**PROBLEM STATEMENT**. Every line of the material must be given again verbatim. Skip the images.

** DATA SHOWN follows **

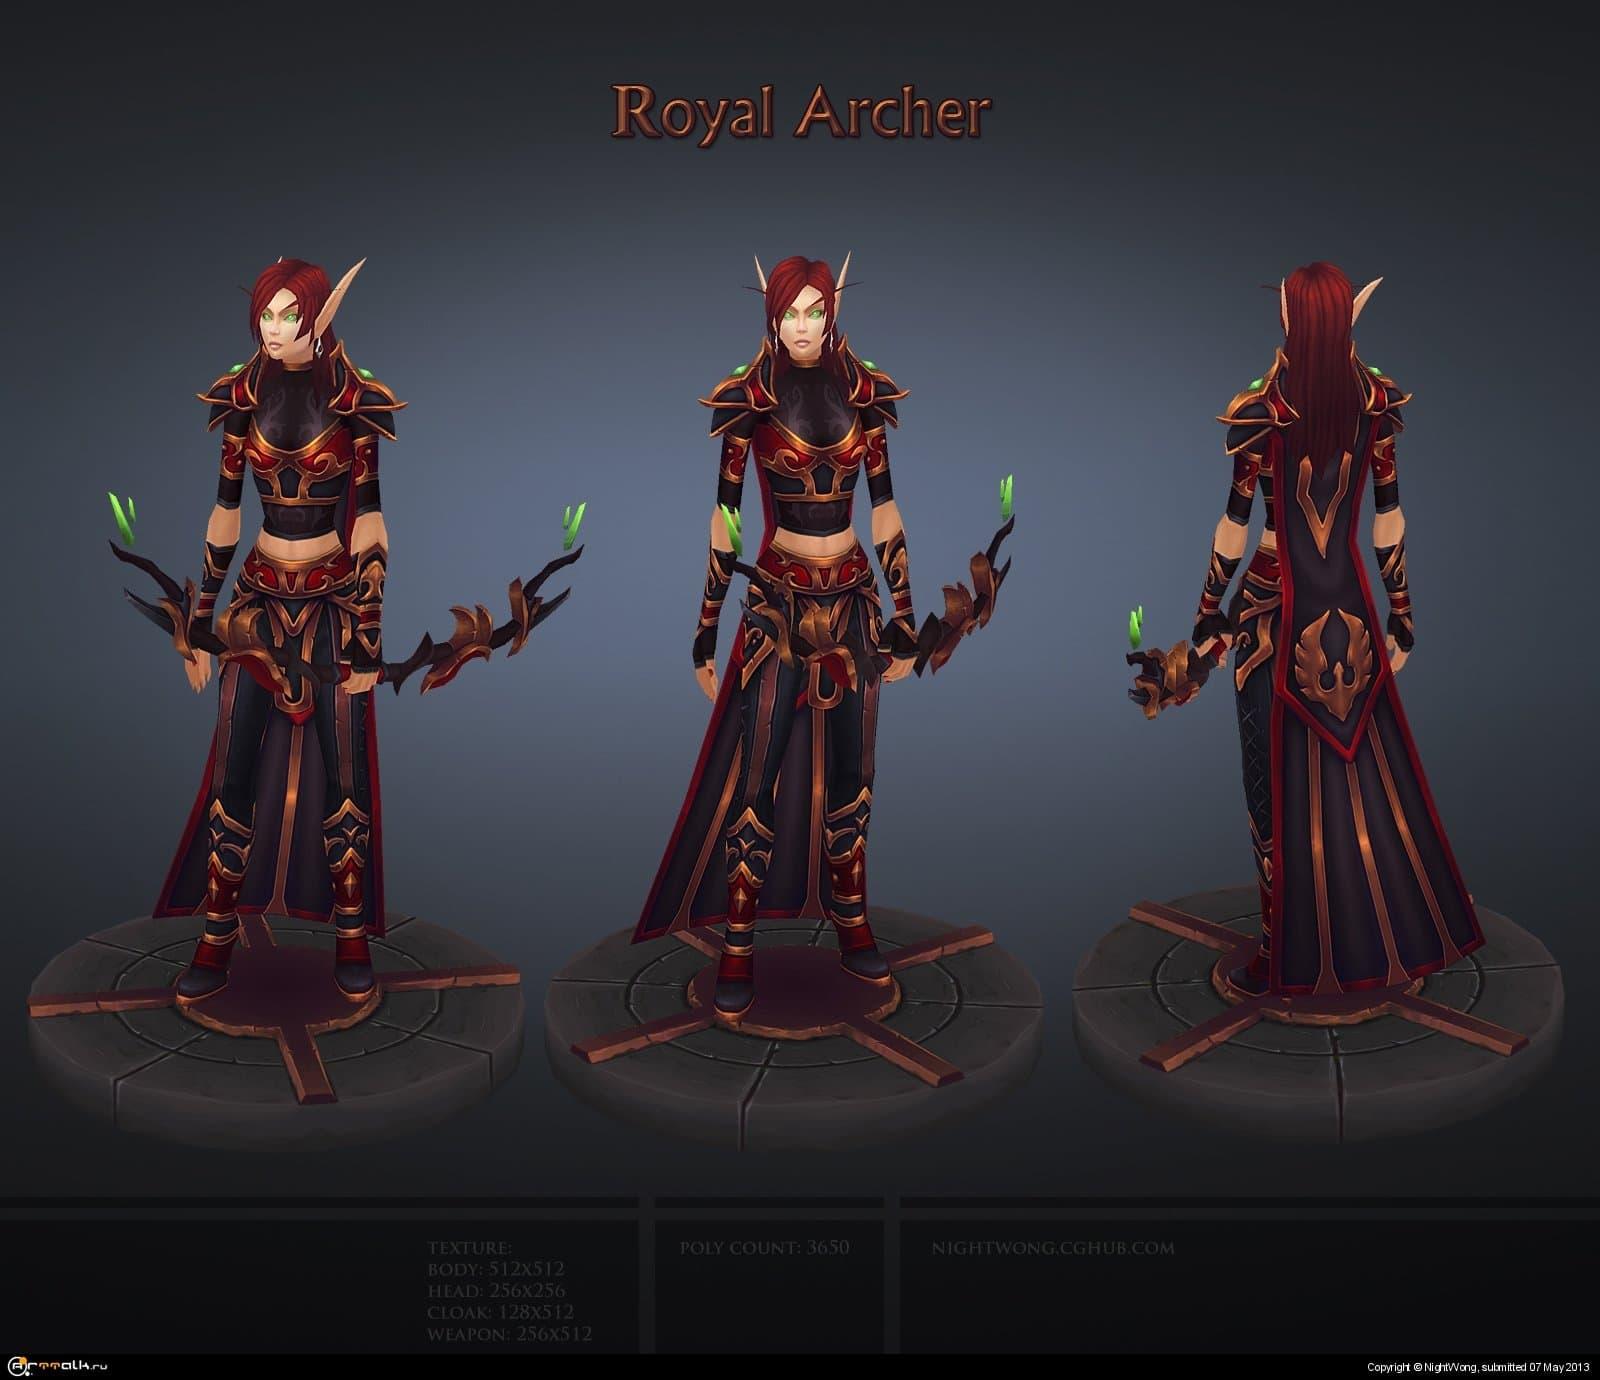 Royal Archer
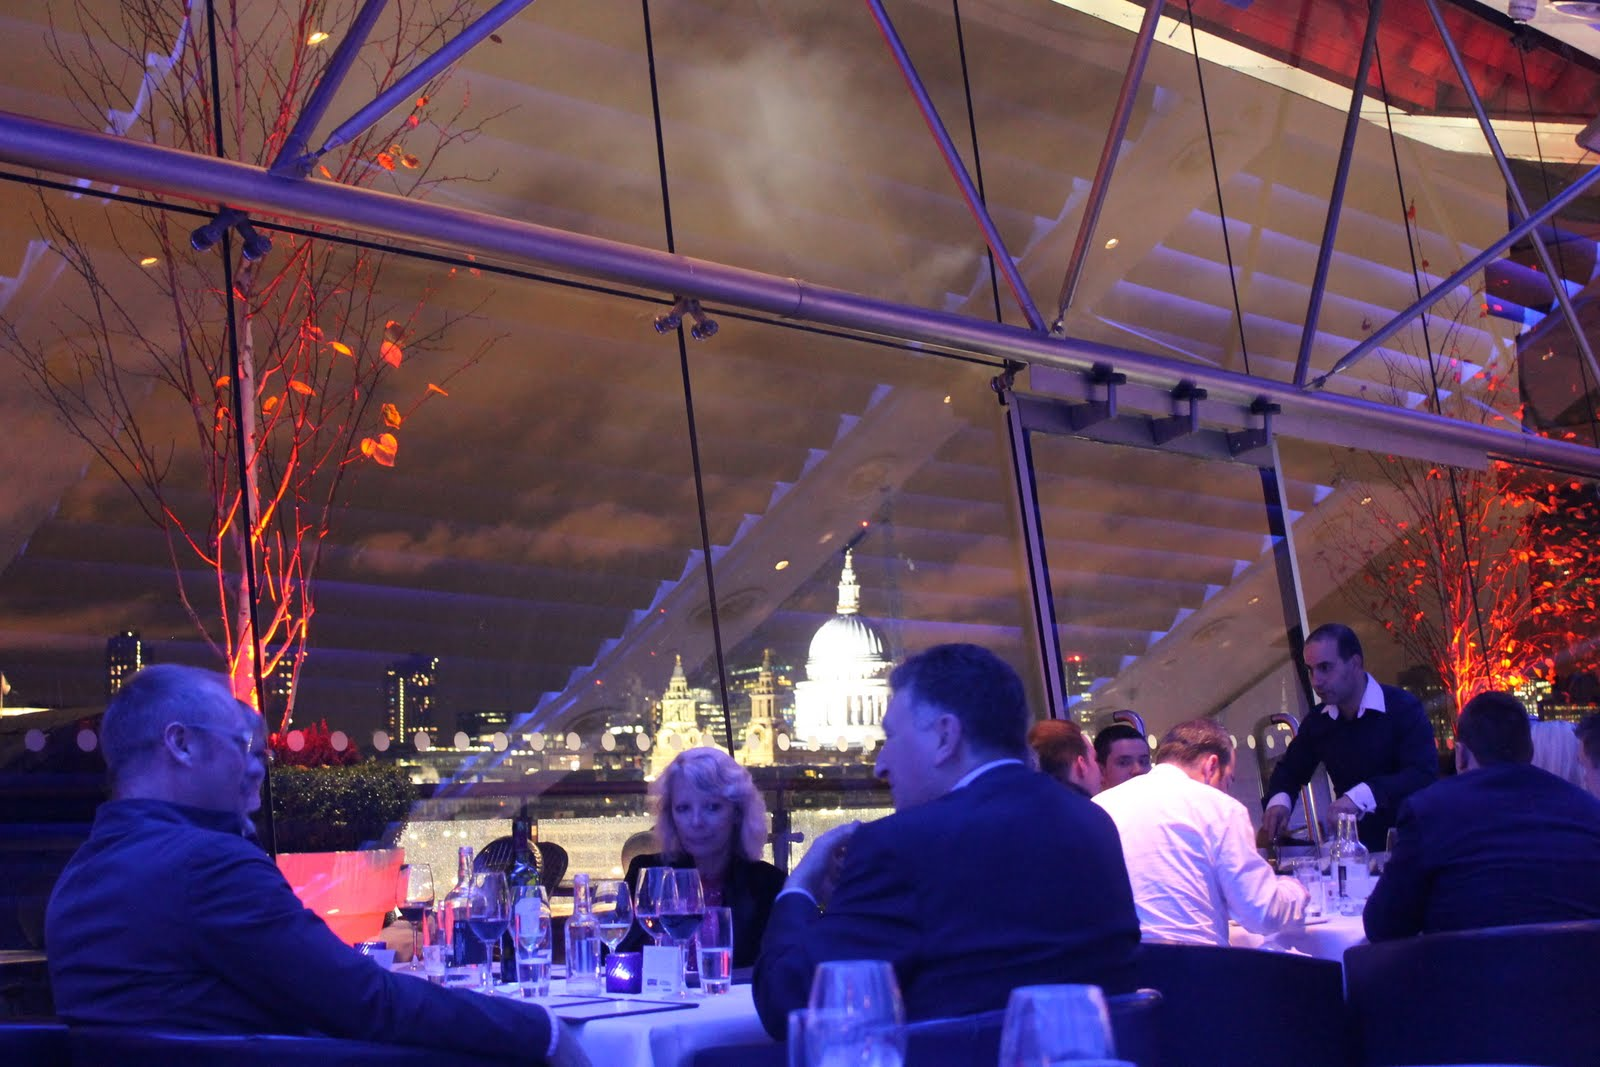 Oxo Tower Restaurant Michelin Star
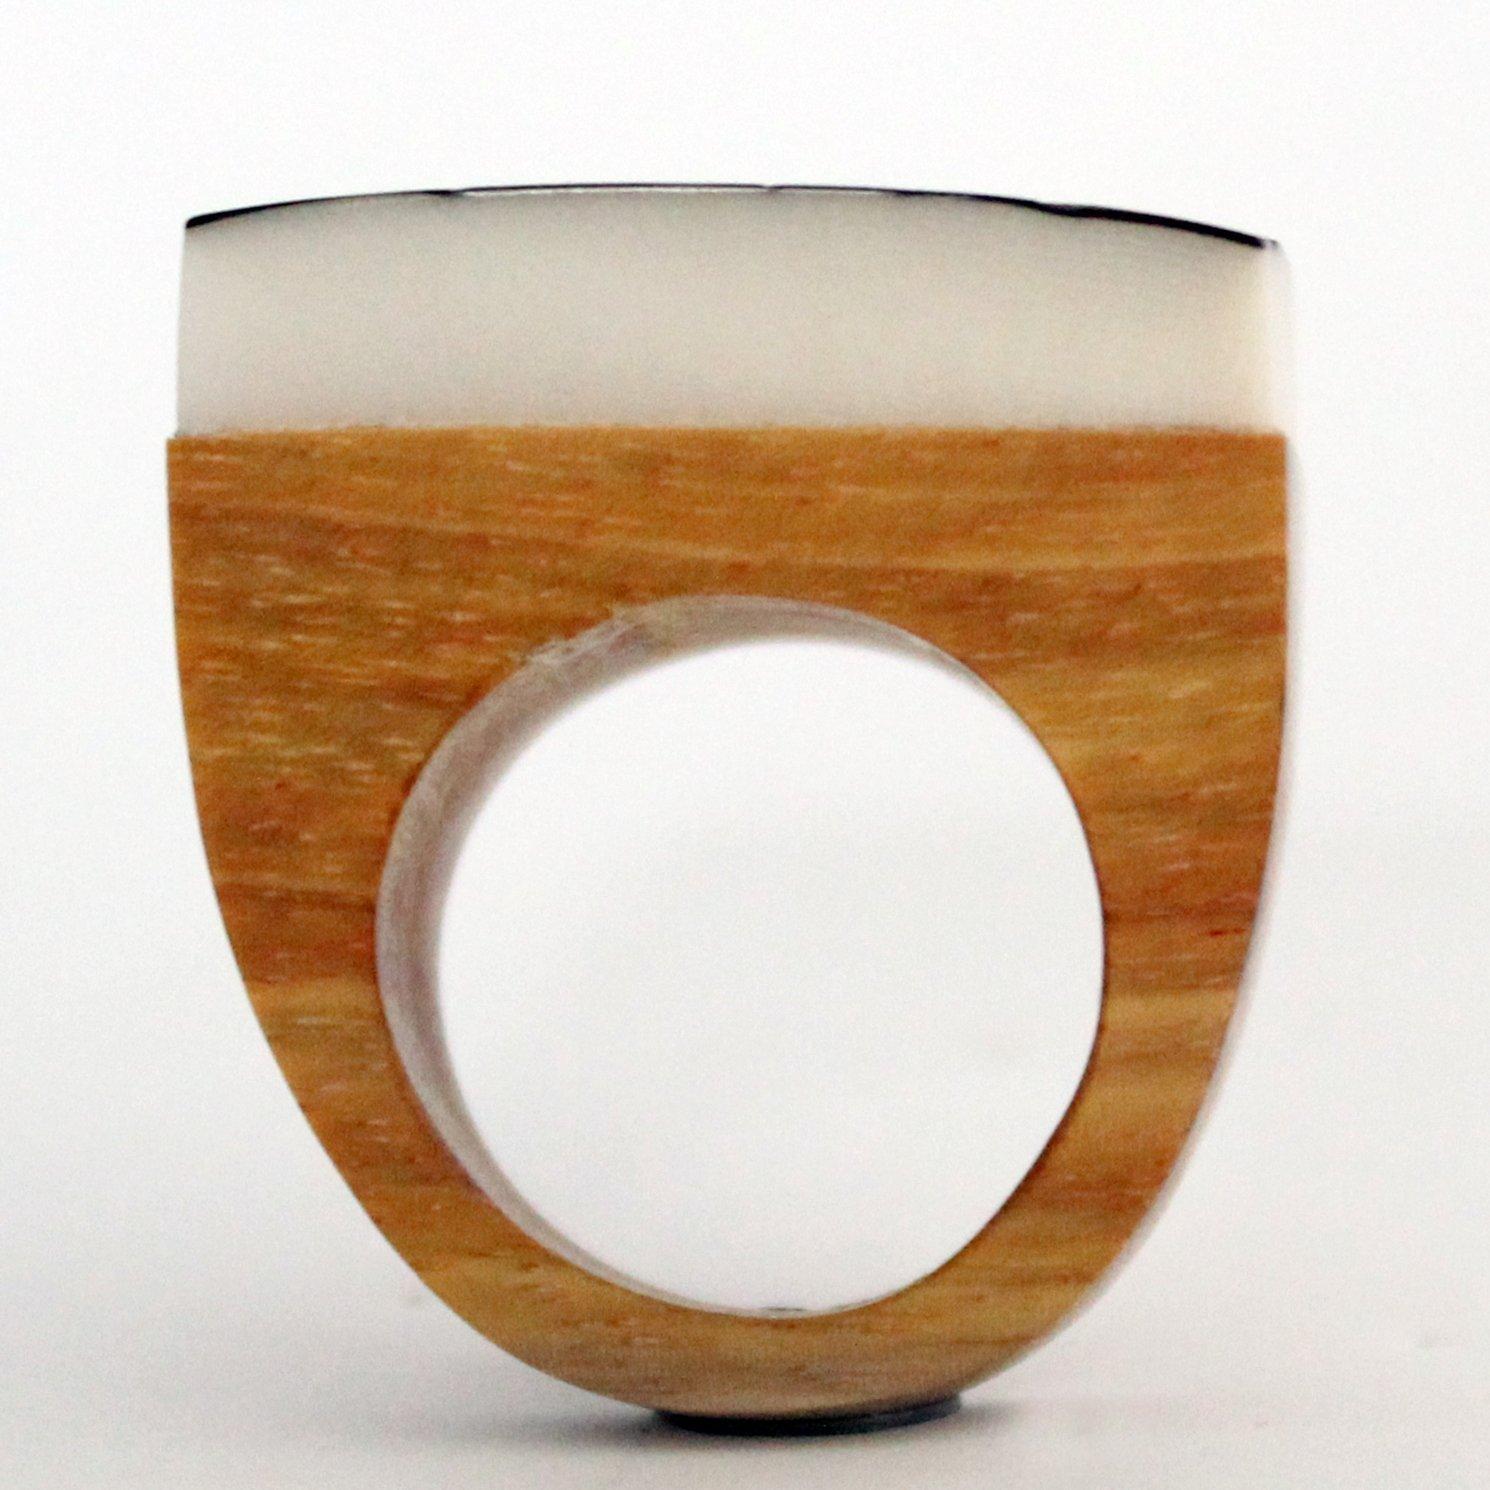 Orange Tagua Nut Ring TAG805 Eco-Friendly Tagua Ring Organic Ring in Orange

** End of DATA SHOWN **

**SOLUTION FOR THIS EXERCISE**.
 Royal Archer
 Oxo Tower Restaurant Michelin Star
 Orange Tagua Nut Ring TAG805 Eco-Friendly Tagua Ring Organic Ring in Orange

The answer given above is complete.